The quantitative component confirmed all six hypotheses for the sample group. FOMO showed robust positive correlations with impulsivity (H1), urgency perception (H2), and sensitivity to push notifications (H3), reinforcing the view that this construct acts as a core emotional amplifier in digital environments. In turn, impulsivity (H4), urgency (H5), and notification influence (H6) were significantly associated with self-reported online shopping frequency, which supports prior studies indicating that attentional reactivity and time-based pressure facilitate impulsive purchasing behaviors (
Przybylski et al., 2013;
Wohllebe et al., 2021;
Dholakia, 2000;
Bidargaddi et al., 2018).
Statistical findings indicate strong positive correlations between FOMO and both urgency perception (r = 0.86) and notification sensitivity (r = 0.87), alongside a moderate association with impulsivity (r = 0.38). These results align with previous research that frames FOMO as an emotional driver that intensifies reactivity to digital cues (
Djafarova & Bowes, 2021;
Özdemir et al., 2025;
Hodkinson, 2019). The data also confirm that all four psychological variables positively correlate with self-reported online shopping frequency, reinforcing the idea that attentional and emotional mechanisms are central to digital purchasing behavior (
Wohllebe et al., 2021;
Dholakia, 2000).
The significant correlation coefficients between FOMO and urgency (r = 0.86), and between FOMO and notification sensitivity (r = 0.87), reflect the extent to which emotionally vulnerable individuals may respond to time-limited offers and platform-generated alerts as pressing triggers. These findings corroborate the existing literature on the role of digital urgency cues in enhancing consumer responsiveness while undermining rational processing (
Barton et al., 2022;
Zhang et al., 2018;
Hamilton et al., 2018).
The qualitative data complement the statistical findings by revealing how participants cognitively processed their purchasing decisions.
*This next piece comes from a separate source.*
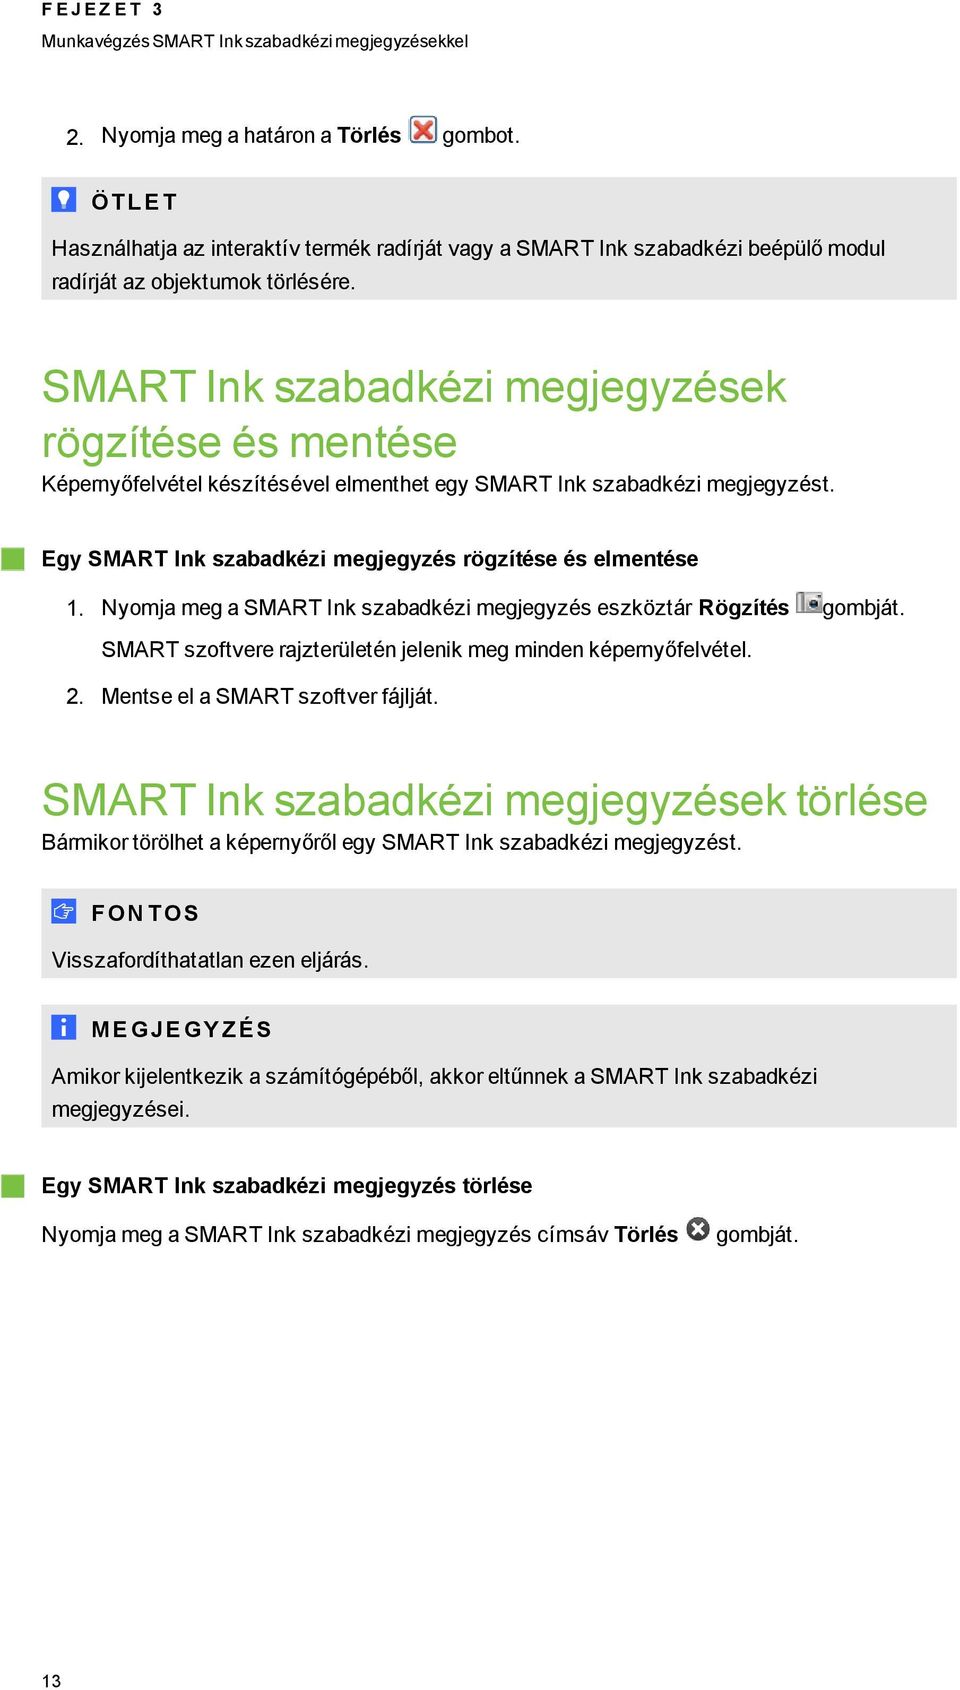 SMART Ink szabadkézi mejeyzések rözítése és mentése Képernyőfelvétel készítésével elmenthet ey SMART Ink szabadkézi mejeyzést. Ey SMART Ink szabadkézi mejeyzés rözítése és elmentése 1.

Responses reflected cognitive distortions such as emotional reasoning, minimization, or dichotomous thinking (
Beck, 1976;
Burns, 1980;
Covin et al., 2011). For instance, individuals who claimed not to be influenced by digital stimuli described behaviors suggesting otherwise—such as reacting to discounts or checking daily app alerts. This supports the view that emotional and behavioral awareness is often misaligned, particularly in high-FOMO individuals (
Alt, 2015;
Elhai et al., 2016;
Przybylski et al., 2013;
Zhang et al., 2018;
Hamilton et al., 2018).
These cognitive tendencies indicate that consumer behavior is shaped not only by external digital stimuli but also by internal, emotionally charged reasoning patterns. This is in line with the previous literature identifying cognitive–affective dissonance as a key mechanism in digital overconsumption (
Alt, 2015;
Good & Hyman, 2020;
Elhai et al., 2020).
The findings also underscore how emotional factors—such as excitement, or urgency—can increase consumers’ susceptibility to digital marketing tactics. While rational justifications were frequently invoked by participants, the emotional valence of notifications, scarcity, and discounts emerged as strong behavioral motivators in their answers—often more powerful than conscious intent. This reinforces previous conclusions that consumer decisions are shaped by affective dynamics masked as rational choices (
Verplanken & Herabadi, 2001;
Hamilton et al., 2018). Such findings support the broader view that digital consumption cannot be understood without accounting for underlying emotional and motivational mechanisms (
Milyavskaya et al., 2018;
Arnett, 2004;
Arnett et al., 2014). For example, thematic coding in Question 3 indicates a notable divergence between perceived autonomy and actual responsiveness to digital stimuli. One third of respondents (33.3%) exhibited defensive neutrality, rejecting influence while describing reactive behaviors; 28.9% denied any influence, while 23.2% acknowledged being affected, either behaviorally or reflectively. These findings reflect a dissonant cognitive dynamic in the target group that may hinder conscious self-regulation (
Elhai et al., 2020;
Alt, 2015;
Arnett et al., 2014). The prevalence of implicit susceptibility despite declarative disengagement supports the idea that autonomy narratives obscure the influence of subtle digital cues (
Milyavskaya et al., 2018;
Barton et al., 2022).
The qualitative findings indicate that online shopping among young adults is primarily driven by functional motives such as convenience (21.32%) and time efficiency (20.93%), while emotional or trend-based factors play a lesser role. Despite dismissing the impact of notifications, participants often displayed behaviors indicating subtle influence. Responses to time-limited discounts revealed an emotional bifurcation—initial excitement followed by regret, highlighting FOMO’s destabilizing role. Most participants lacked conscious coping strategies, relying instead on passive mechanisms like avoidance or denial. These results underscore a cognitive–emotional gap between perceived control and actual behavior in digital commerce contexts, with limited emotional regulation capacity.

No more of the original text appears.